A Península de Setúbal fica abaixo de Lisboa, entre o Atlântico e os rios Tejo e Sado. Está dividida em duas zonas geográficas bem diferentes entre si. Formada pelas serras da Arrábida, Rosca e São Luís, e pelos montes de Palmela, São Francisco e Azeitão, com altitudes entre os 100 e os 500 m, a área mais a sudoeste é montanhosa. A outra parte da península, um pouco mais a leste, que estende-se junto ao rio Sado, é uma planície.

vinhedo com uvas tintas
A castelão por muito tempo foi usada quase exclusivamente para a produção de vinhos baratos - reprodução

Ali há duas denominações de origem controladas. "Setúbal" para os fortificados e "Palmela" para brancos, tintos, rosés e espumantes. Há ainda a indicação geográfica "Península de Setúbal" para vinhos um pouco mais simples.

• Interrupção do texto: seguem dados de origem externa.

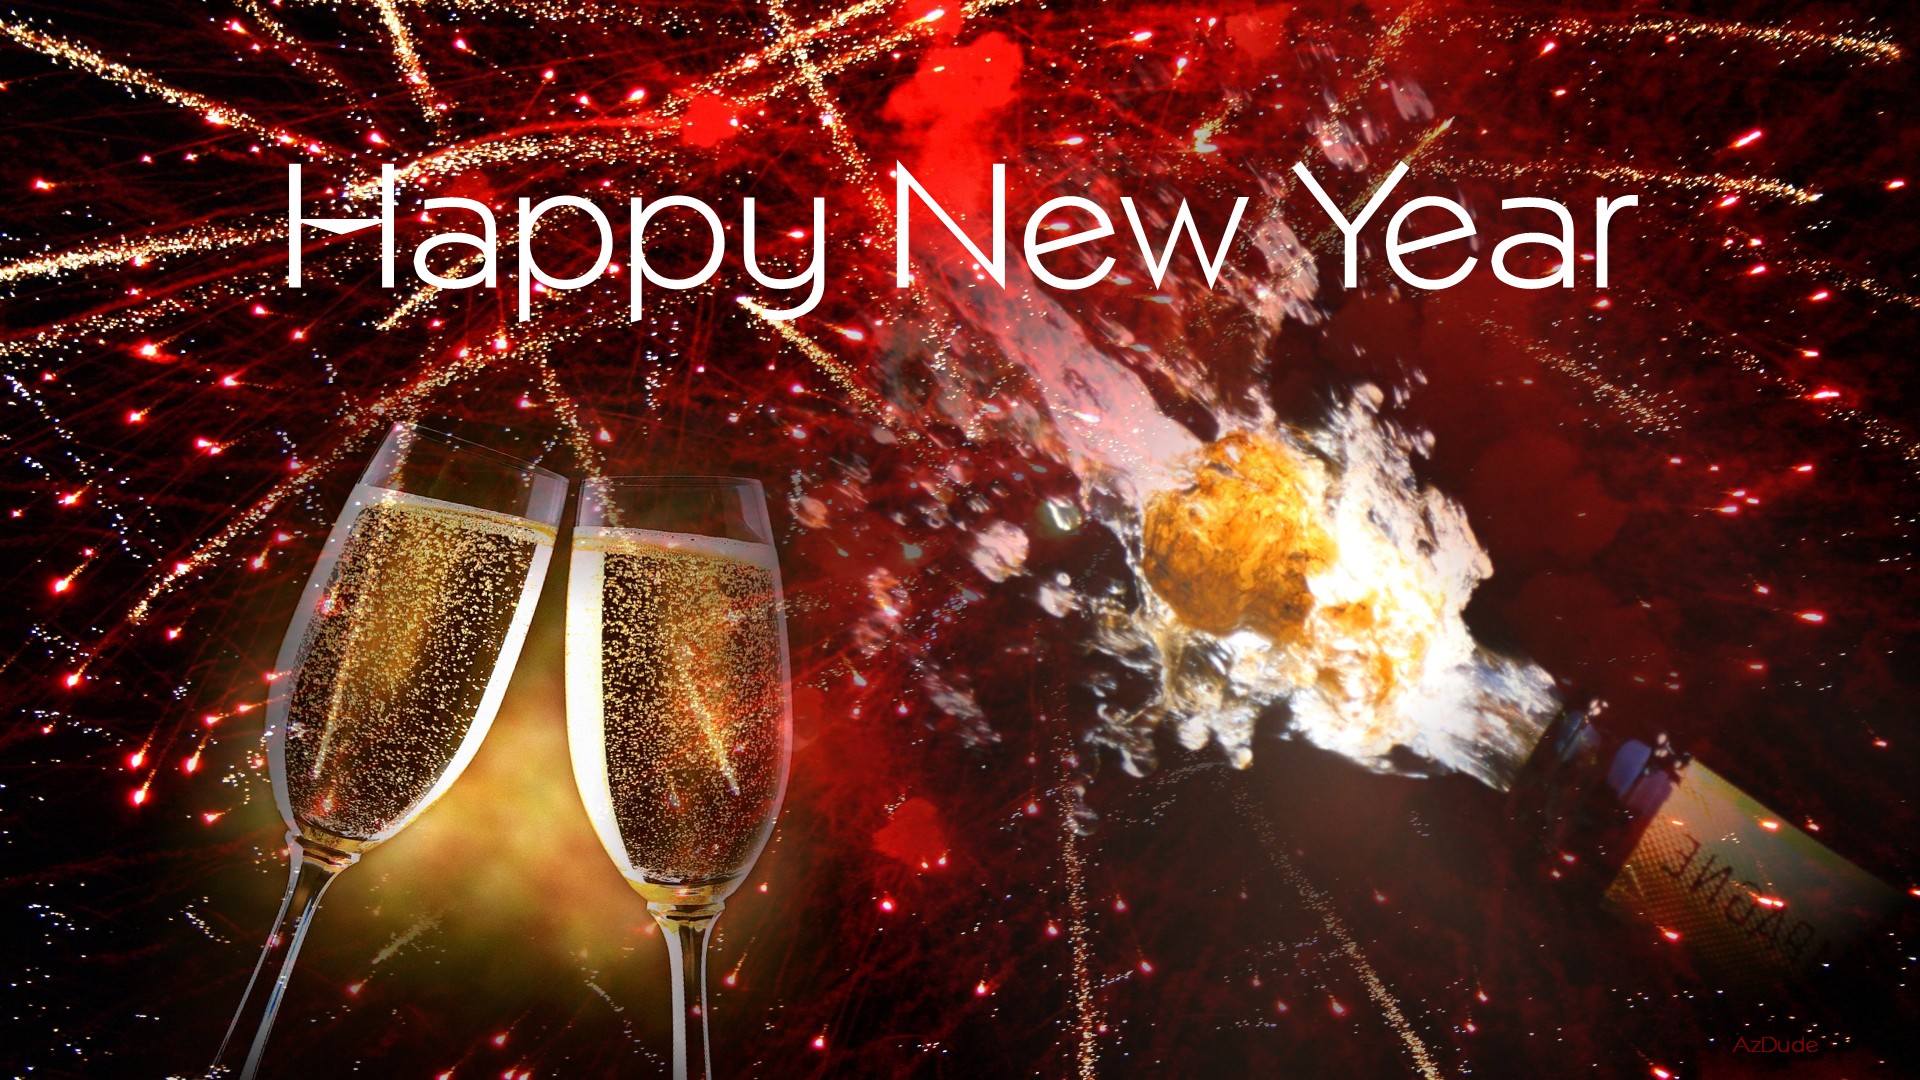 Happy-New-Year-Greetings-Images1.jpg

Eu já havia provado vinhos da Província de Setúbal, é claro. Há muitos deles no mercado. Já tinha inclusive estado lá mais de uma vez. Adoro os vinhos do António Saramago, enólogo super importante da região. São de uma elegância ímpar. Conheci António e seu filho em uma degustação e acabei ficando amiga da família. Sempre que posso, vou visitá-los. No entanto, nunca prestei muita atenção aos outros vinhos de lá.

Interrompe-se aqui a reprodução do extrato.